## DATASET EXCERPT
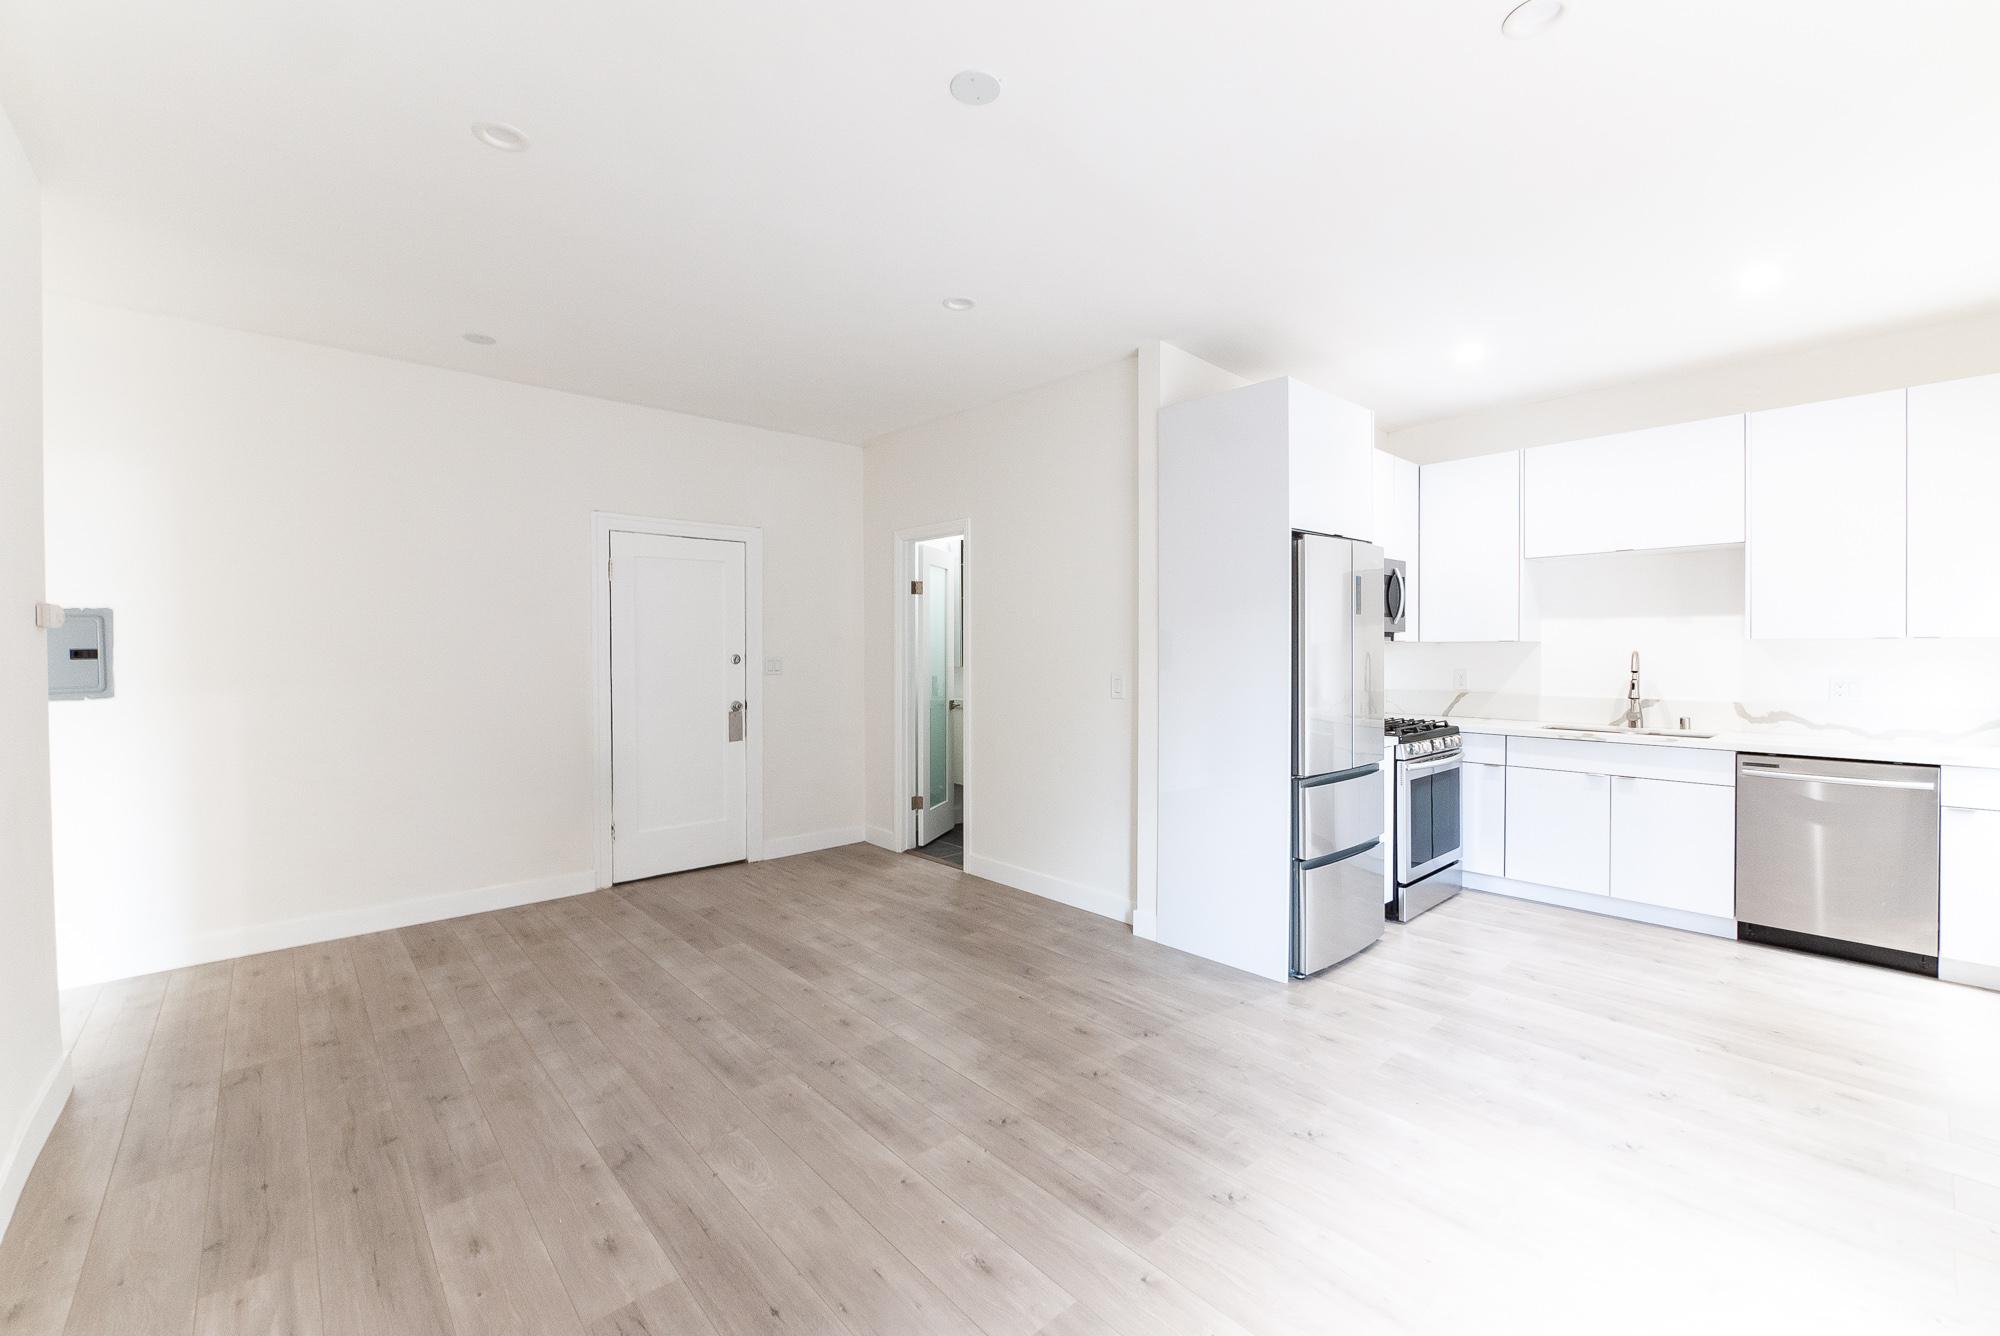 SUPER Lux! Brand New Reno 1B- INSTA worthy Kitchen- Move-In Special!
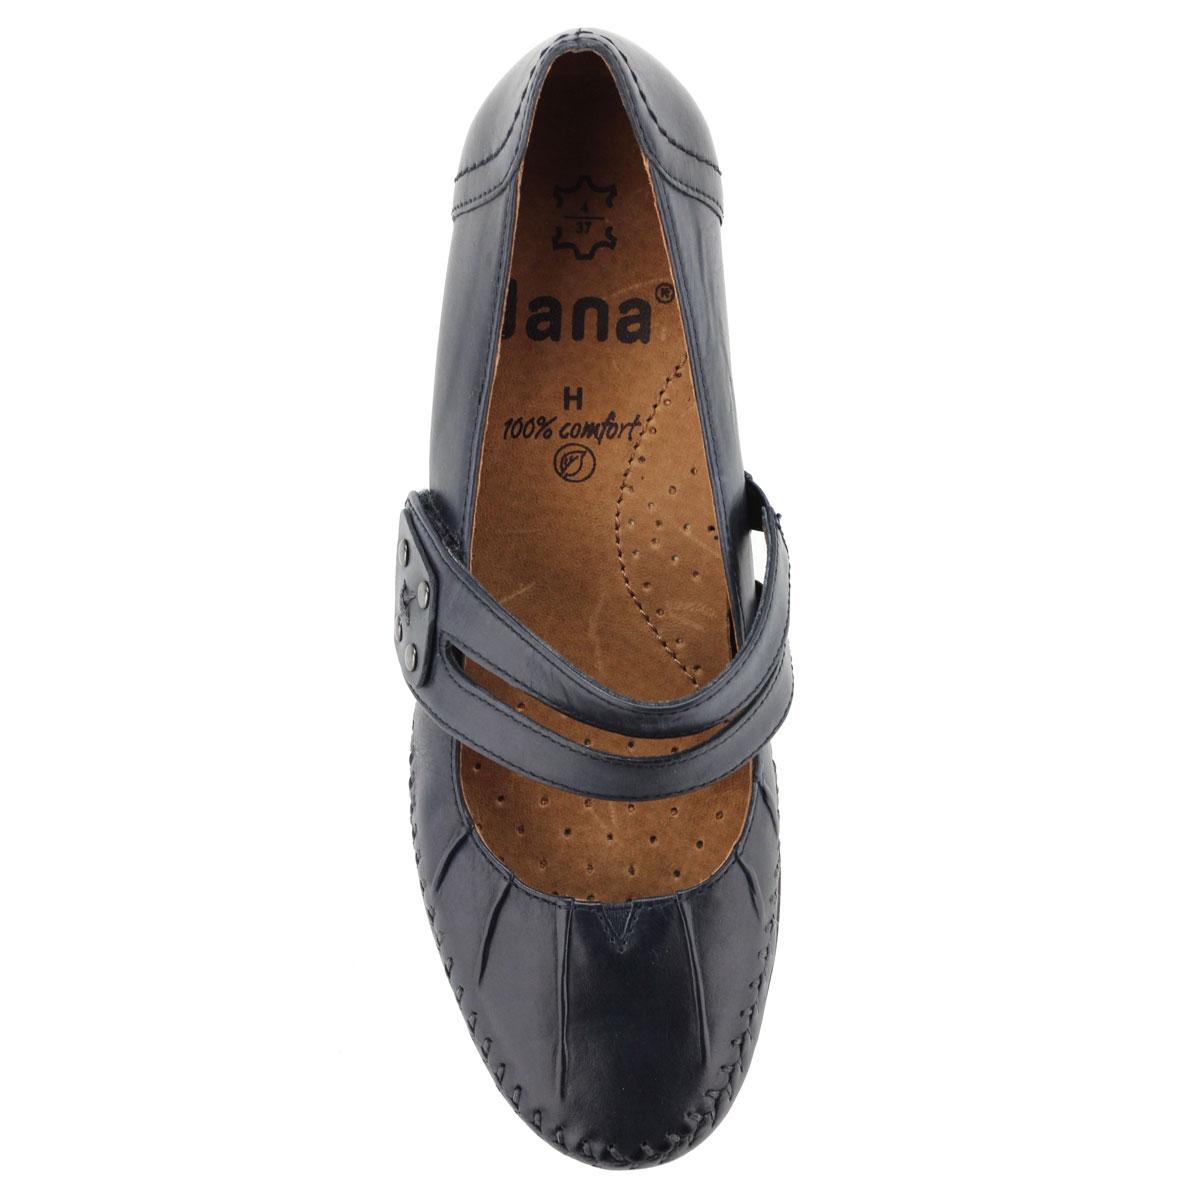 Pántos Jana bőr cipő - ChiX Női Cipő Webáruház 9e4568f262
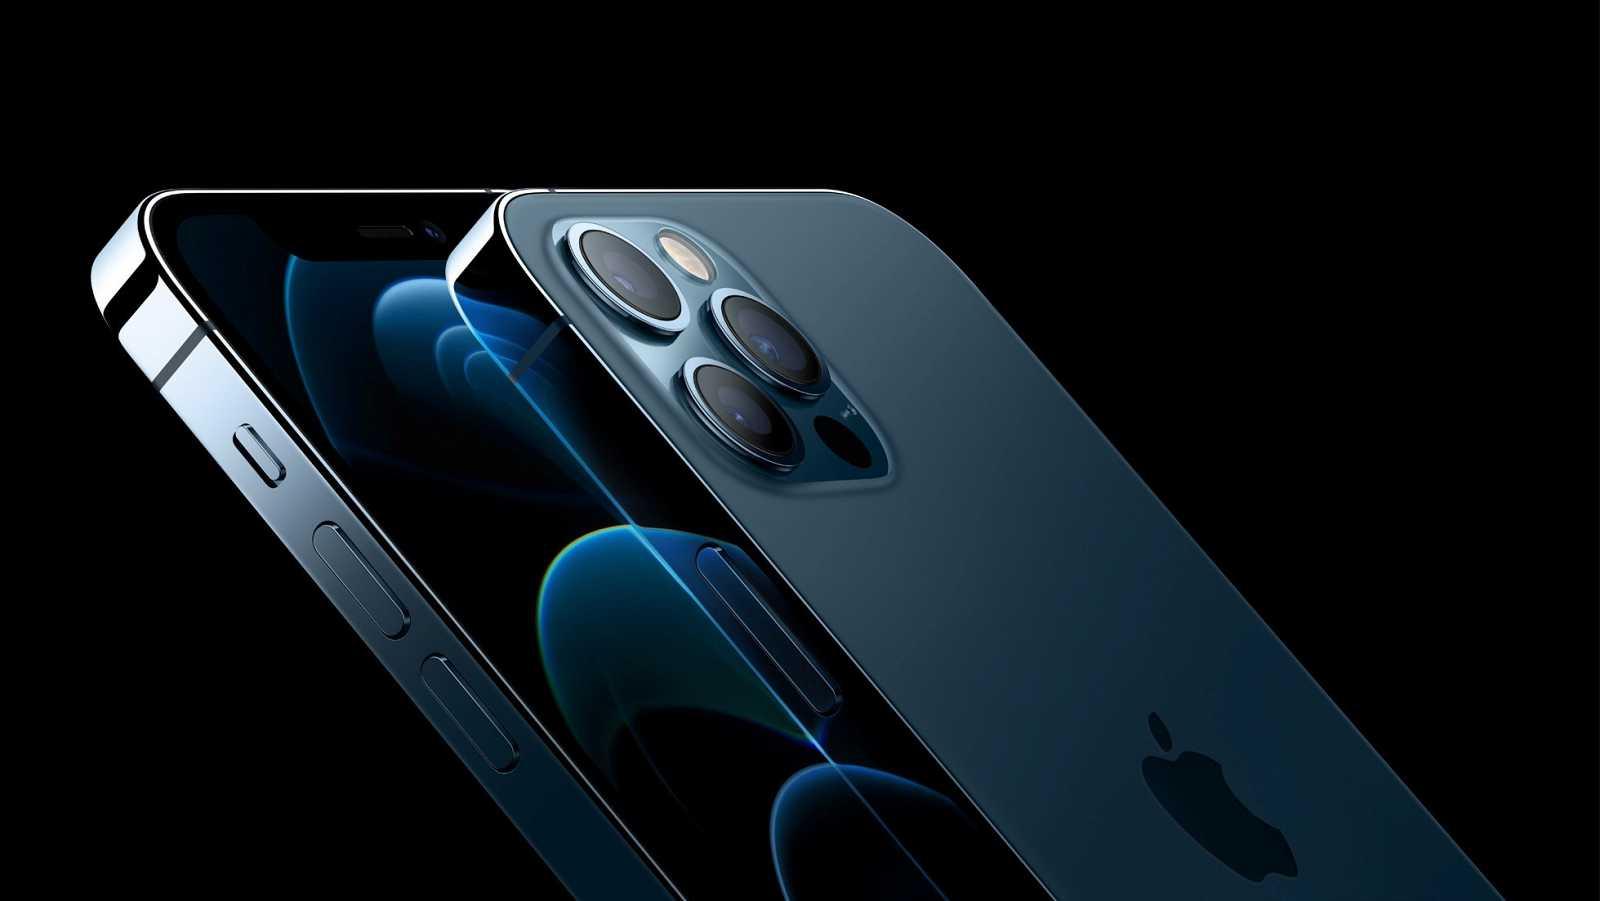 iPhone 12. Apple
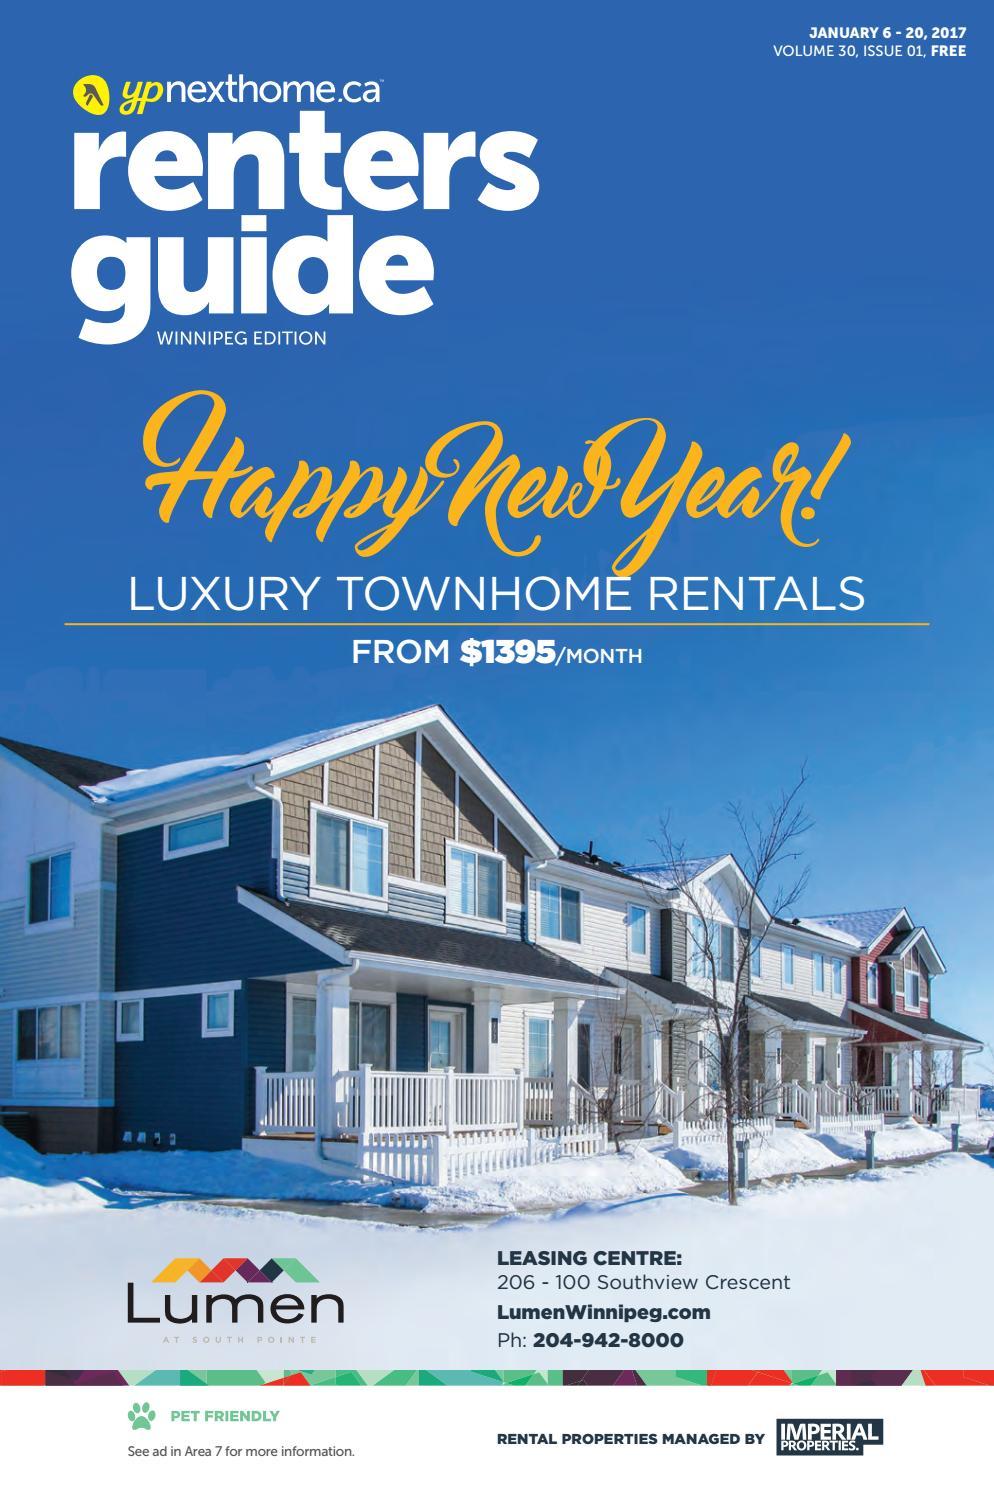 WINNIPEG Renters Guide - 06 Jan, 2017 by NextHome - issuu

## WHAT THIS TASK INVOLVES
Strip out the pictures and reproduce the remaining material above exactly.

## ANSWER SECTION
 SUPER Lux! Brand New Reno 1B- INSTA worthy Kitchen- Move-In Special!
 Pántos Jana bőr cipő - ChiX Női Cipő Webáruház 9e4568f262
 iPhone 12. Apple
 WINNIPEG Renters Guide - 06 Jan, 2017 by NextHome - issuu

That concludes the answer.